The TROP2-directed antibody-drug conjugate datopotamab deruxtecan (Dato-DXd) is a potential new meaningful therapy for patients with previously treated non-squamous non-small cell lung cancer (NSCLC), as was shown in the TROPION-LUNG01 and TROPION-Lung05 trials.

The standard of care second-line chemotherapy for patients with metastatic NSCLC is associated with modest benefit and substantial toxicity. Dato-DXd, a TROP2-directed antibody-drug conjugate that selectively delivers a potent topoisomerase I inhibitor payload directly into tumour cells, is currently under clinical investigation in multiple tumour types. Promising antitumour activity was observed with Dato-DXd in patients with locally advanced or metastatic NSCLC in the phase 1 TROPION-PanTumor01 trial (NCT03401385) [1]. Both the phase 3 TROPION-LUNG01 (NCT04656652) and phase 2 TROPION-Lung05 (NCT04484142) trials further evaluated the efficacy and safety of Dato-DXd in previously treated participants with locally advanced or metastatic NSCLC.

The phase 3 TROPION-LUNG01 trial enrolled 604 participants (with or without actionable genomic alterations), who were randomised 1:1 to receive Dato-Dxd or docetaxel until disease progression. The dual primary endpoints were progression-free survival (PFS) and overall survival (OS). Dr Aaron Lisberg (University of California Los Angeles, CA, USA) presented the interim results [2]. Median PFS was significantly improved by treatment with Dato-DXd over docetaxel: 4.4 versus 3.7 months (HR 0.75; 95% CI 0.62–0.91; P=0.004). However, PFS benefit was exclusively observed in participants with non-squamous histology (HR 0.63 vs HR1.38 in participants with squamous histology). OS data are not yet mature.

The phase 2 TROPION-Lung05 trial enrolled 137 participants who had tumours with ≥1 actionable genomic alterations (e.g. EGFR, ALK, ROS1, NTRK). All participants were treated with Dato-DXd until progression. The primary endpoint was the objective response rate (ORR).

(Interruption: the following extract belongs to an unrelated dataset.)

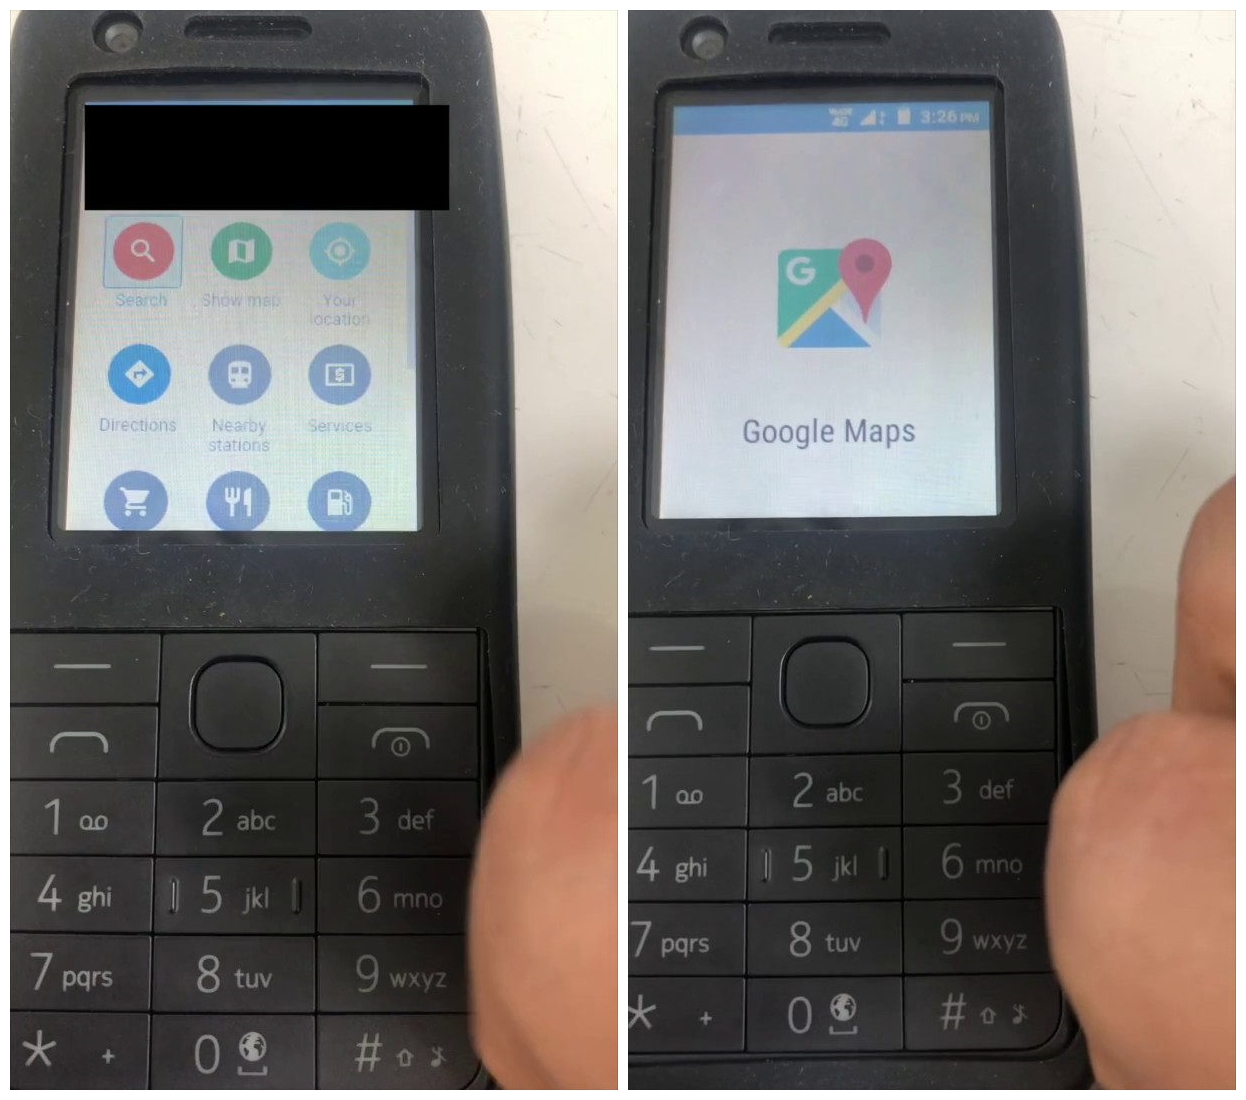  Кнопочный телефон от Nokia на базе Android Другие устройства  - Android-Feature-Phone-a

Prof. Luis Paz-Ares (Hospital Universitario 12 de Octubre, Spain) presented the results [3]. ORR in all treated participants was 35.8% (95% CI 27.8–44.4), whereby 3% of participants achieved a complete response and 33% a partial response. The ORR was 43.6% (95% CI 32.4–55.3) in participants with EGFR mutations (57% of all participants) and 23.5% (95% CI 10.7–41.2) in participants with ALK alterations (25% of all participants). The median PFS in all participants was 5.4 months, and the median duration of response was 7.0 months.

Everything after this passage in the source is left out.